- Data extract:
□ □ □ □ □ □ □
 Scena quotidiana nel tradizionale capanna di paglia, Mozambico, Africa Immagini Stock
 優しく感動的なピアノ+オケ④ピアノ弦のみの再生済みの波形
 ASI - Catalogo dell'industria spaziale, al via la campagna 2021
□ □ □ □ □ □ □
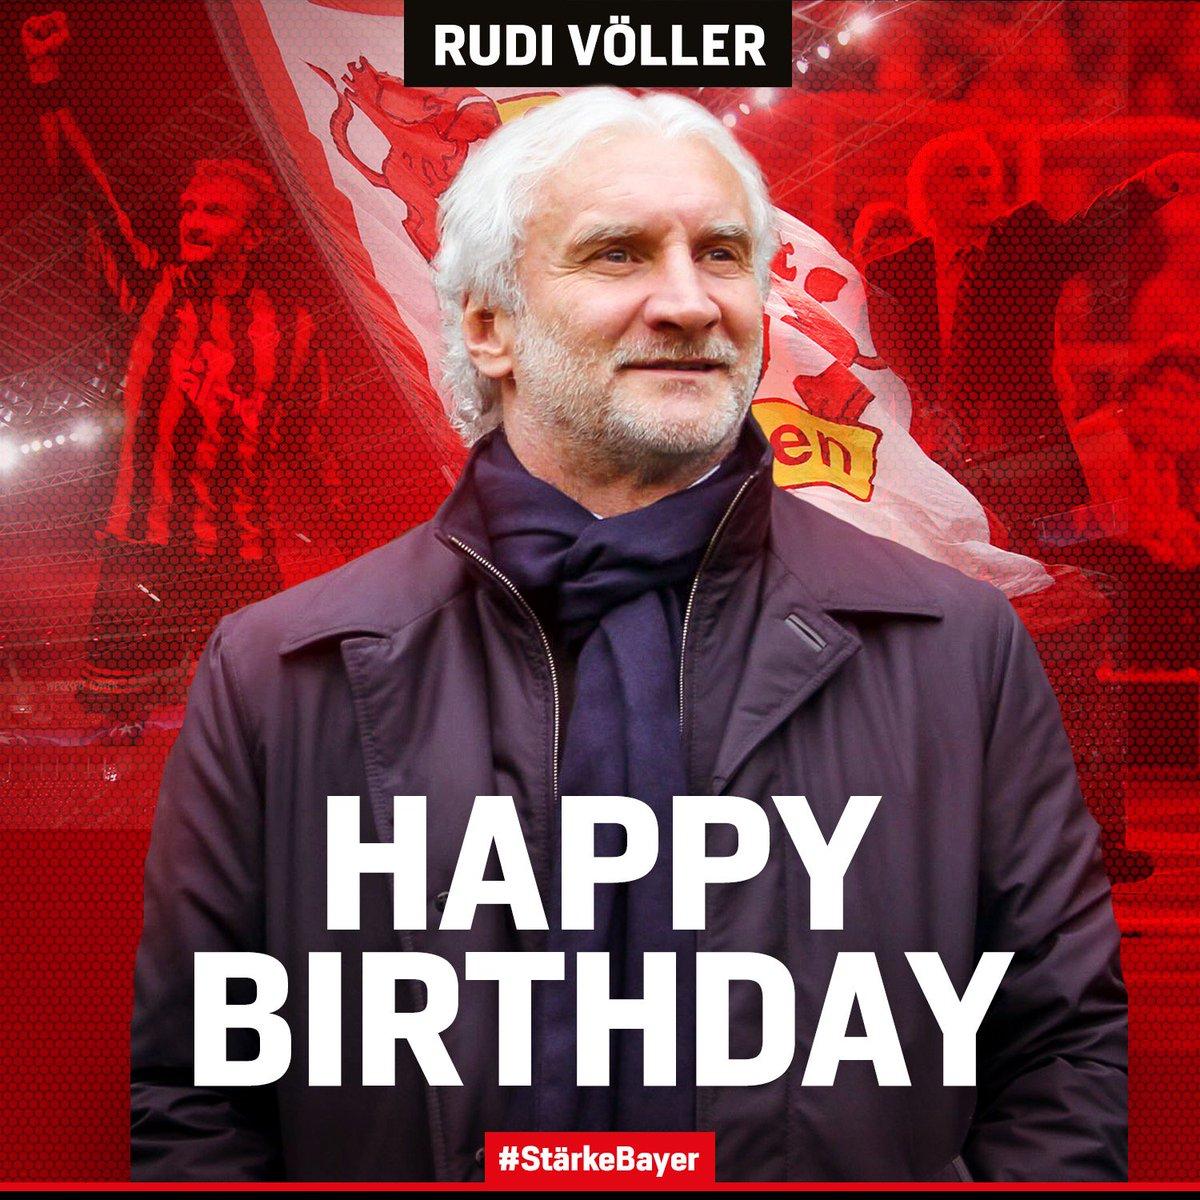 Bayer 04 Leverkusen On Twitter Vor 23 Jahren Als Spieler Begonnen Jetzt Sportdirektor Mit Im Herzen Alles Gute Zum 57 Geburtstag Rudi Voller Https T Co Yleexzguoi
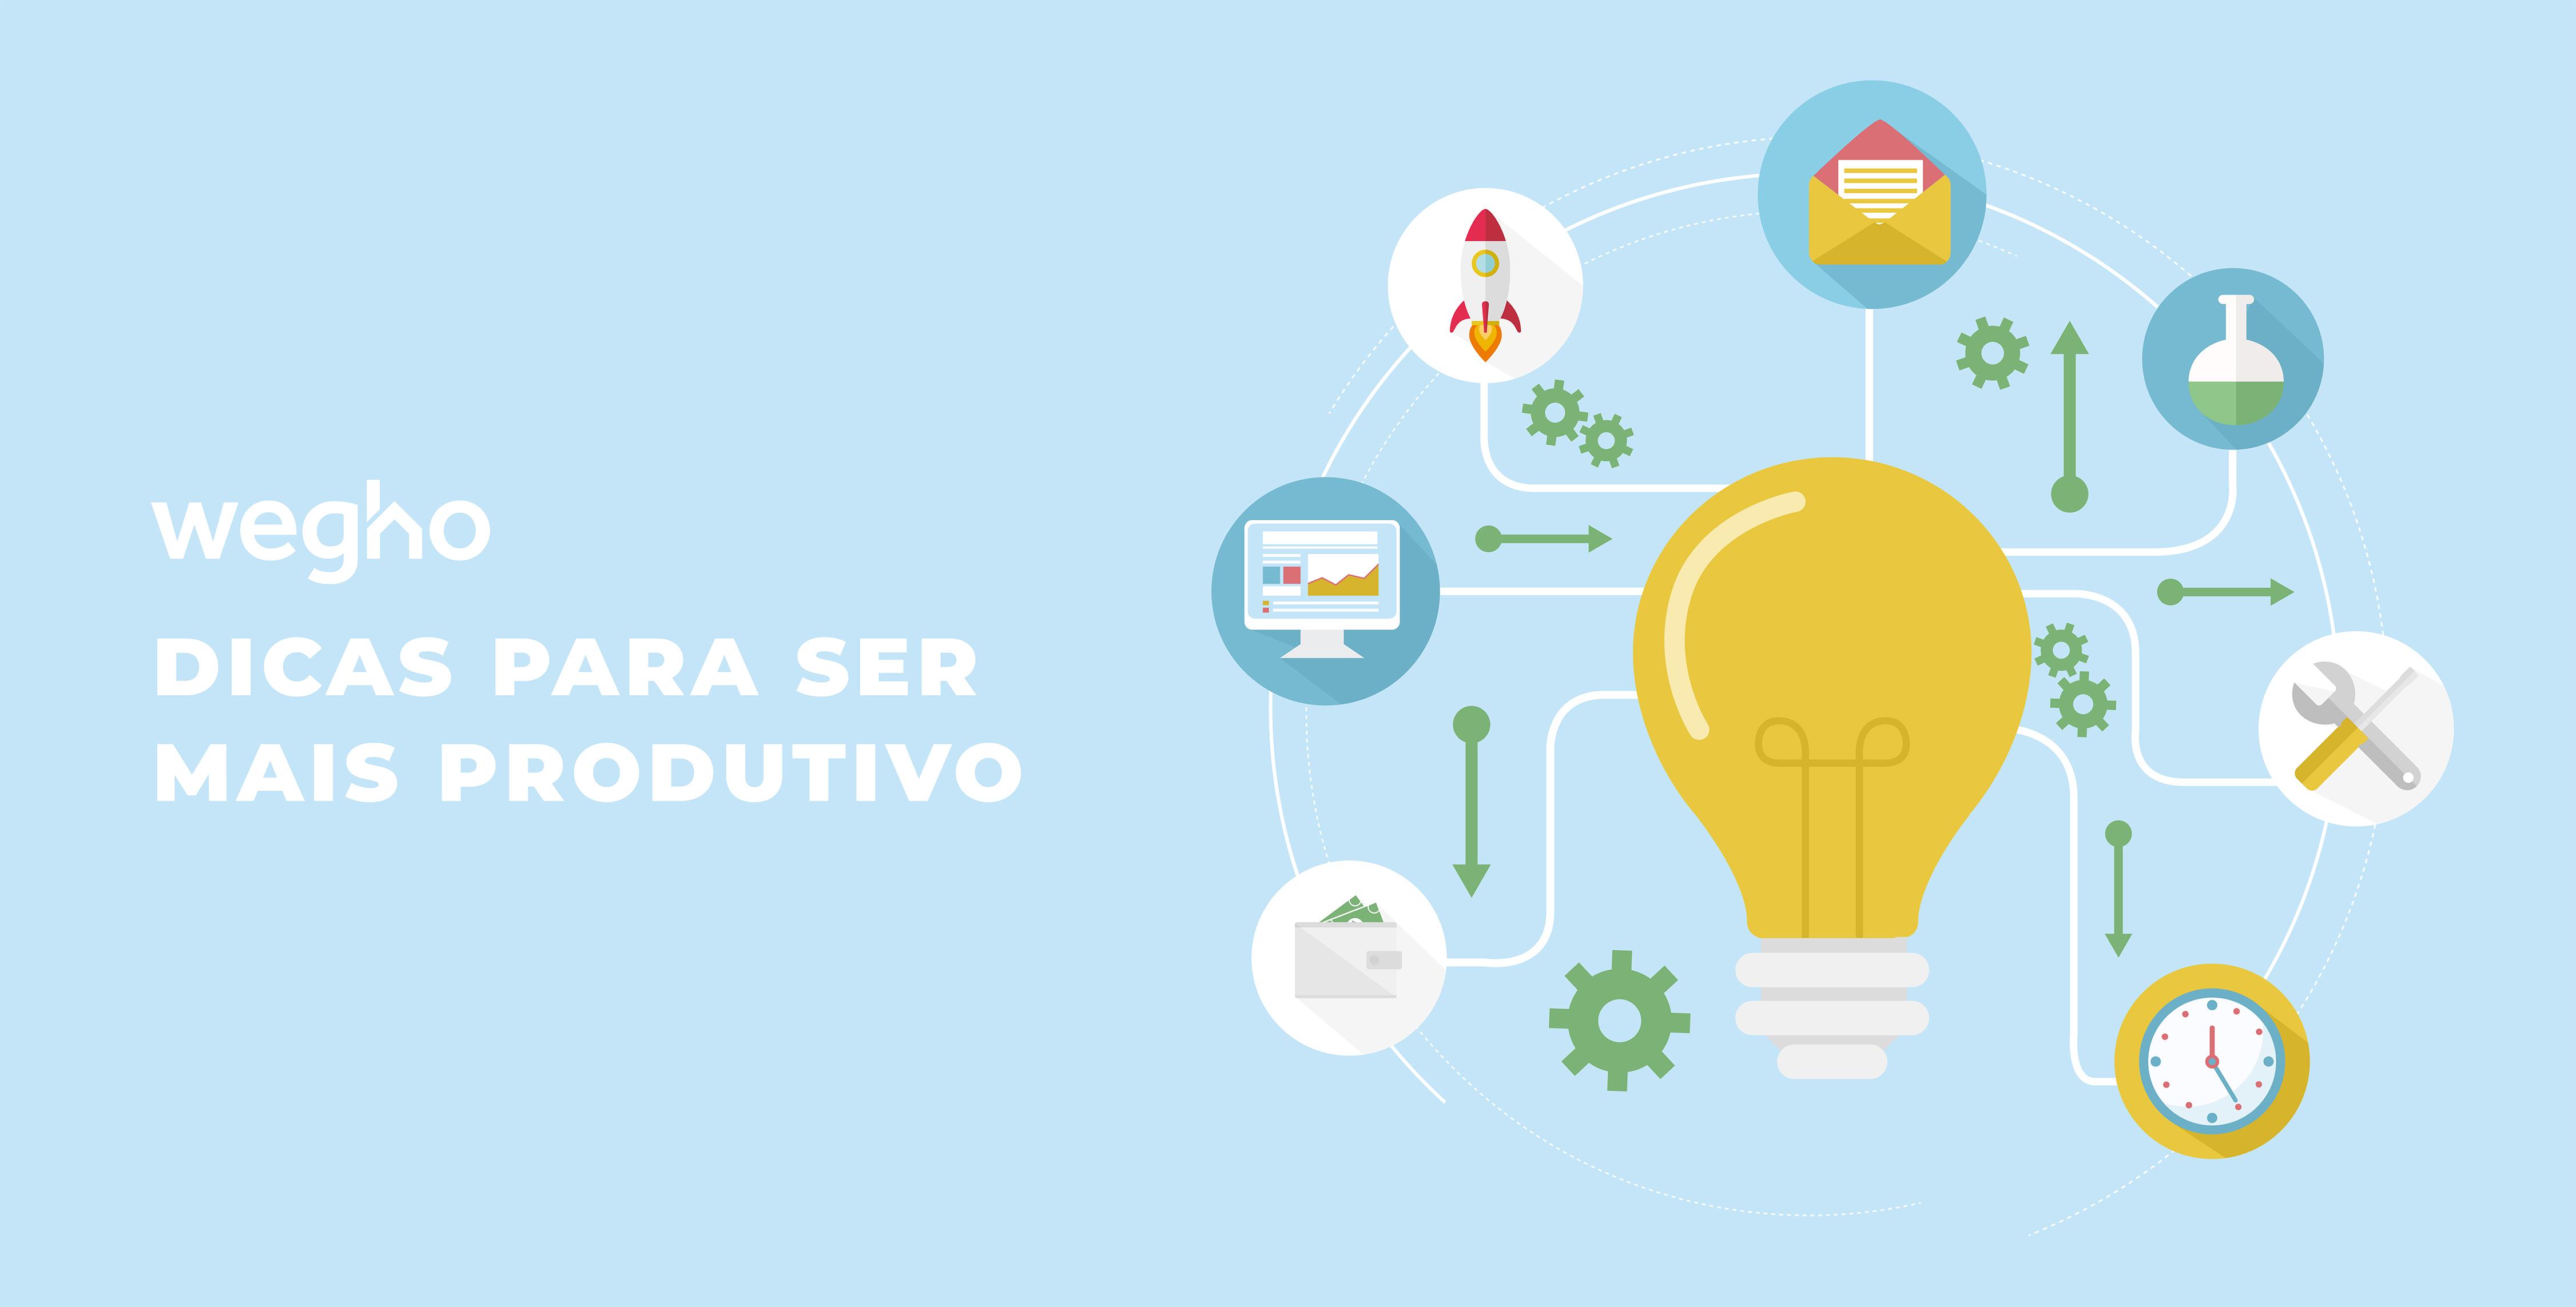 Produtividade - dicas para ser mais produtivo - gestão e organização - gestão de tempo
□ □ □ □ □ □ □
- Try it: Copy the lines of the data above exactly as written, beginning with the line containing "Scena quotidiana nel" and ending with the line containing "ASI - Catalogo", and leave out all other lines.

- Answer section:
 Scena quotidiana nel tradizionale capanna di paglia, Mozambico, Africa Immagini Stock
 優しく感動的なピアノ+オケ④ピアノ弦のみの再生済みの波形
 ASI - Catalogo dell'industria spaziale, al via la campagna 2021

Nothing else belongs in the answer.